Por Simon Childs | 12/04/2022

A franquia hoteleira alterou a marca identitária do seu “Freedom Cafe” [Café da Liberdade] no Leste de Londres após a reclamação de cooptação por um grupo anarquista local.

Anarquistas do Leste de Londres acusaram a rede de hotéis Hilton de copiar sua imagem e histórias radicais como uma marca de identidade de um bar de luxo para “tipos punheteiros da cidade”, em que coquetéis custam até £14 [cerca de 86 reais em abril de 2022].

O Freedom Cafe era para ser um cocktail lounge temático no Leste de Londres, cujo tema era o anarco-comunismo.
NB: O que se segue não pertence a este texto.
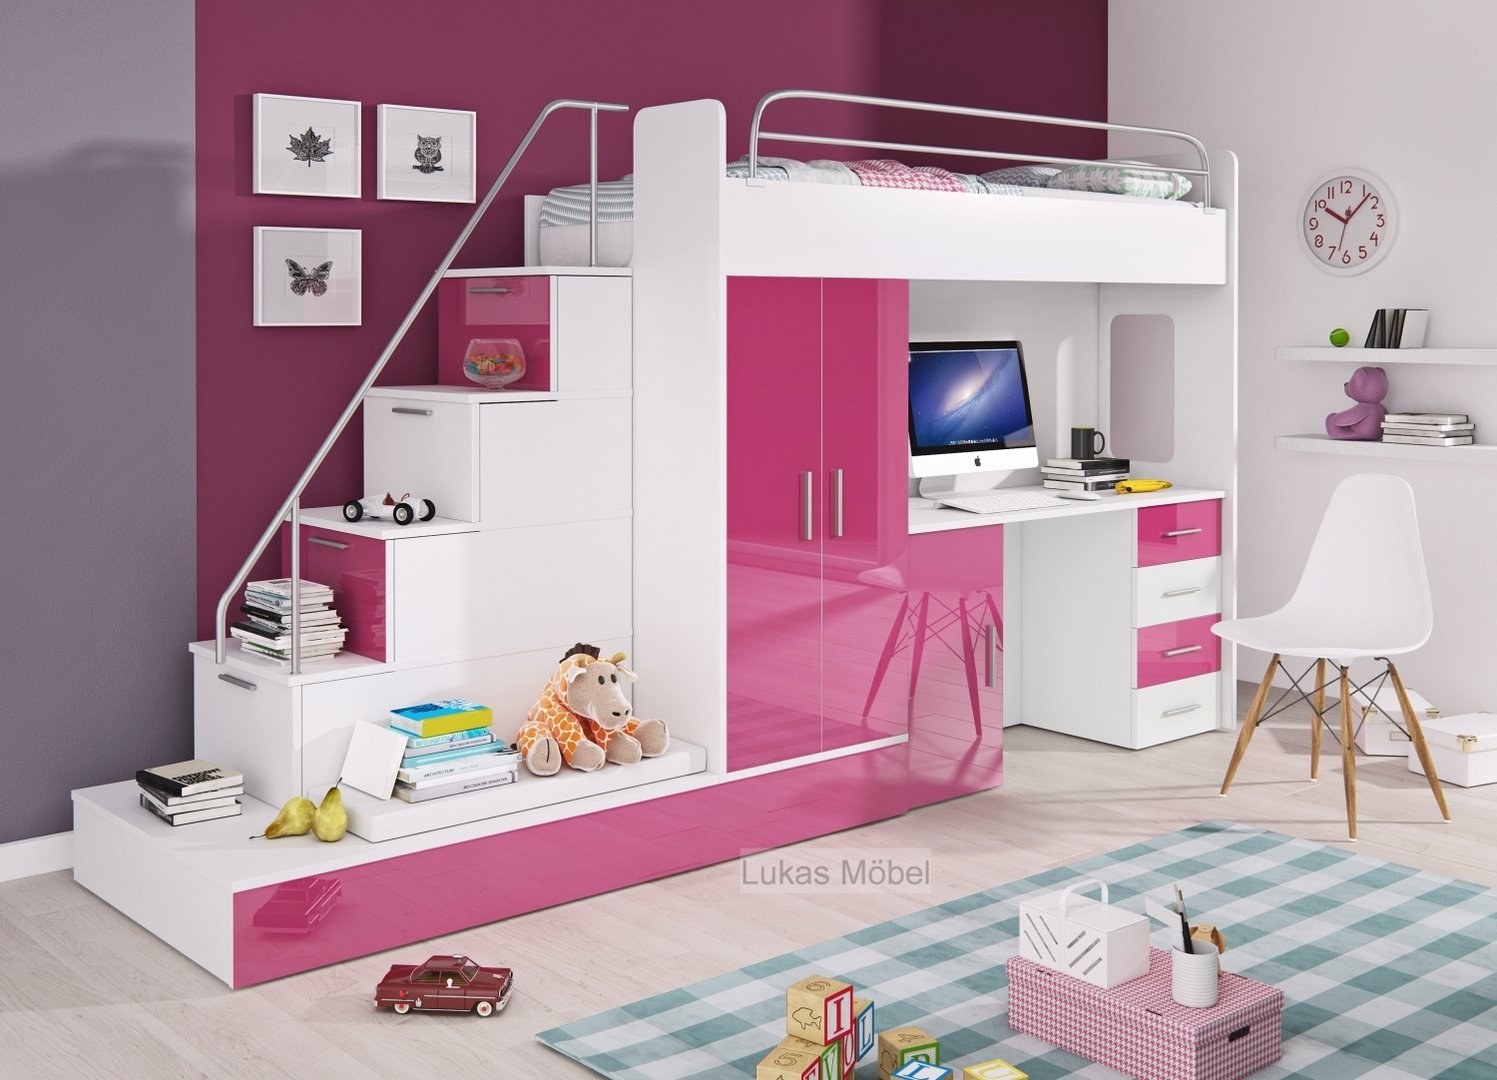 Etagenbett Rosa : Mdf platten kinder bett volle etagenbett mit treppen schublade

Quando abriu em outubro, os clientes sentavam em uma elegante cadeira de couro e gastavam £13 [~R$80] em uma mistura de vodka chamada “the Russian Anarchist” [o anarquista russo] em homenagem a Peter Kropotkin, que escapou para Londres depois de ser detido na Rússia tsarista por atividade política subversiva. Ou, por apenas £11 [~R$68], poderiam pedir um coquetel virgem chamado “Why Work?” [por que trabalhar?], “em homenagem a uma provocativa série de ensaios dissecando o trabalho, suas formas sob o capitalismo e as possibilidades para uma sociedade alternativa que produz com base em nossas necessidades ao invés de por mera avareza”.

O café foi nomeado em homenagem à histórica editora anarquista Freedom Press, localizada no final da rua, em Whitechapel. O cardápio do bar foi feito para parecer uma cópia do Freedom Press, um jornal anarquista publicado desde 1886, com “Anarchist Weekly” escrito no topo da página. Oferecia [em tradução livre,] “anarquia, café, bebidas e comida de bar”.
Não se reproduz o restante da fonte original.